Read: “With Pious Regret”
06 May 2010
After the great Ethiopian famine of 1984—brought into every American’s home by efforts like the Live Aid concert—”the world swore such famine would never happen again,” says the new book Enough.
“Yet not even twenty years later, ‘never again’ was happening again…. And this time, even more people—14 million—were desperate for something to eat.”
These kinds of famines are rarely triggered as simple as an “act of god”—a drought or a flood. The more recent famine, in 2003, came just after a “historic bumper harvest [that] overwhelmed the country’s underdeveloped markets with a surplus, and prices collapsed.”
So farmers cut back on costs by “sowing cheaper, lower-quality corn seed… and abandoning the use of expensive fertilizer.” Farmers knew they’d grow less this way, but they figured they’d still make enough to feed their families. “Farmers all across Ethiopia reacted int eh same manner. Some who worked the country’s largest farms took thousands of acres out of production. Others shut off their simple irrigation systems to reduce expenses.”
Then there was a drought. Harvests were meagre, and farmers ran through their reserves from the bumper crop the year before. Then the hunger began.
To me, this suggests that modern farming—with expensive seeds and fertilizers, and bills for water and fuel to pump the water—has to be accompanied by better control over prices, and efforts to improve storage. I’ll have to read more of Enough to see what remedies the authors suggest.
“Since the time of the Green Revolution, the world has known how to end famine and tame chronic hunger,” Enough says. “We have the information and tools. But we haven’t done it.”
For one thing, “we’re falling behind [on ending hunger] not so much because of a population increase but because of the population’s increased prosperity.” People are eating more meat and dairy, and we’re feeding more and more of the grains we grow to livestock.

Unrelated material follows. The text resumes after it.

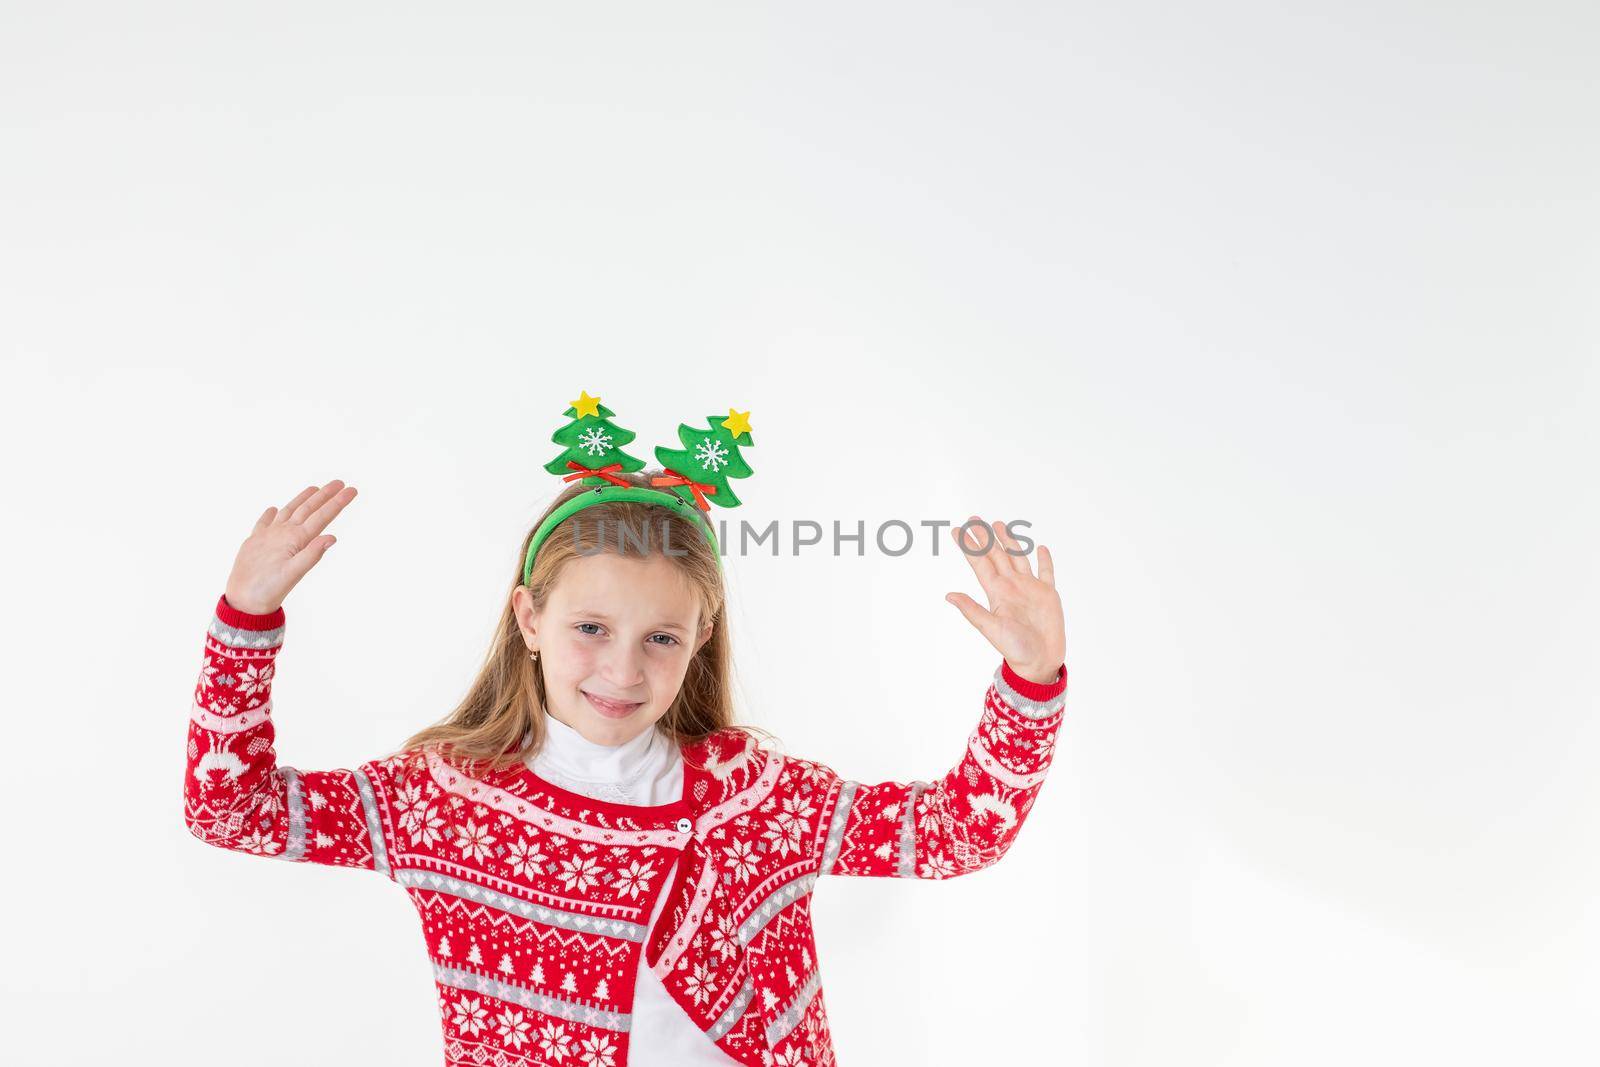 Portrait of excited funny funky schoolchild dancing in christmas costume with headband isolated on white background.Ready For Christmas party.Merry Christmas presents shopping sale concept. by YuliaYaspe1979

(I never really thought about it until I read Tristram Stuart’s book Waste, but many livestock—like pigs and chickens—used to live on our food wastes and other things, like worms, that we didn’t want to eat. Feeding our livestock on grains we could eat ourselves is a very new thing, and underlies a lot of problems with the food system.)
Then there’s biofuels—thirsty engines competing with hungry mouths, Enough points out. Meanwhile, it seems the world’s resolve has eroded on maintaining grain reserves in case of emergency.
Meanwhile, yields haven’t been rising they way they used to. “In India and Pakistan and across Asia, complacency over the rising production had sapped the political will to keep the momentum of agricultural development going.”
(I’m not sure that’s the root cause of the slowing improvements. It could be diminishing returns of high-input, industrialized agriculture itself. Perhaps they could keep boosting yields, but would other parts of the food system—such as transport to markets, and storing grain reserves—keep up, to make everything work? And, more fundamentally, would those boosted yields be sustainable?)
Whatever the causes, it’s good to have a reminder that “much of the chronic, everyday hunger in the world is now a man-made catastrophe,” as Enough puts it. That helps us know where to look for remedies. We could develop more drought-resistant crops, for example, but changing other parts of the food system might have bigger payoffs.
Farm subsidies are one place to start. The authors, both reporters at The Wall Street Journal, are even-handed on this topic. “Farm subsidies in the United States and Europe, for instance, started out as a vehicle for helping poor farmers recover from economic calamity or war. But over the years they have grown to be a matter of addiction.”
But these authors are no anti-subsidy zealots. “The internatinoal financial institutions controlled by the United States and Europe have long forbade African governments from subsidizing their own farmers if they are to receive any loans.”
This is all standard stuff from the likes of Michael Pollan or Walden Bello—who I like, by the way. But it’s good to see these mainstream reporters making these points, too.